Following the return of Emperor Haile Selassie to Ethiopia, the Kebur Zabagna was reconstituted, and a Swedish military mission aided in its training. Men for the Kagnew Battalion, which fought in the Korean War, were drawn from the Imperial Bodyguard. During the Korean War they were armed with American weapons which included the M1 Garand .30-06, M1 carbine .30 and some had M1911 .45 ACP pistols.

"It remained the elite force of the empire," notes historian Bahru Zewde, "until discredited in the wake of the attempted coup of 1960." That unsuccessful coup had been planned by its commander Brigadier-General Mengistu Neway, and his brother Germame Neway.

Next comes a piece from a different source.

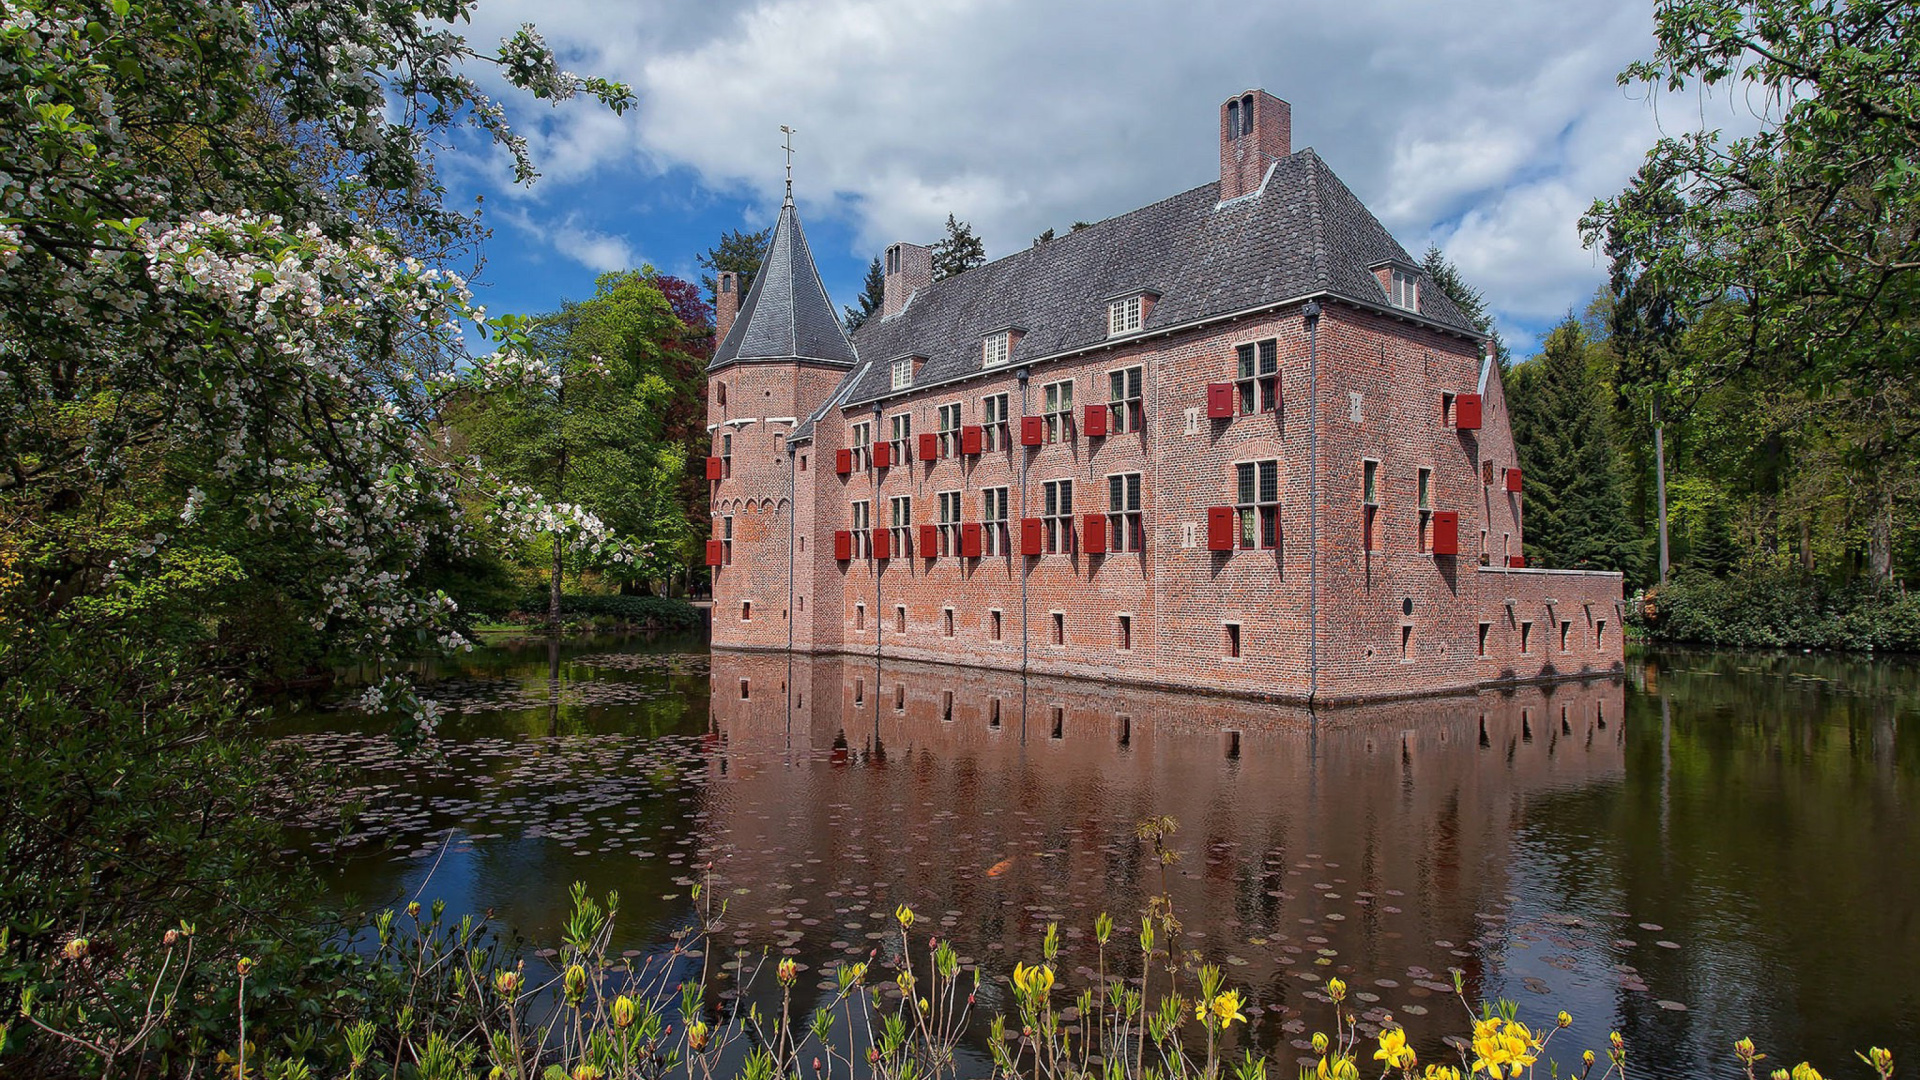 Oude Loo Castle in Apeldoorn in Netherlands screenshot #1 1920x1080

In 1961 it numbered nine battalions; in 1969 some 7,000 men.

During the state visits of Elizabeth II and Mohammad Reza Pahlavi to Ethiopia, Emperor Hail Selassie's Silver Jubilee Golden State Carriage was drawn by team of six Lippizaner horses and accompanied by 100 Imperial Guard on horseback in red and green uniforms.

The Kebur Zabagna was disbanded after the Derg consolidated their hold on Ethiopia.

== Imperial Bodyguard Band ==
The first permanent military band in the country to be established the Imperial Bodyguard Band in 1929 under the direction of Swiss conductor Andre Nicod. It was notable for its implementation of western style military music conventions in a first for any African nation.

== Notable members of the Kebur Zabagna ==

=== Commanders ===
- General Mulugeta Buli (1941–1955)
- Brigadier-General Mengistu Neway (April 1956 – 13 December 1960)
- Major-General Tafessa Lemma (1974)

=== Soldiers ===
- Abebe Bikila, professional athlete and member of the 5th Infantry Regiment.
- Fisseha Desta, first Vice President of Ethiopia from 1987 to 1991.

=== Bandsmen ===
- Tilahun Gessesse
- Mahmoud Ahmed.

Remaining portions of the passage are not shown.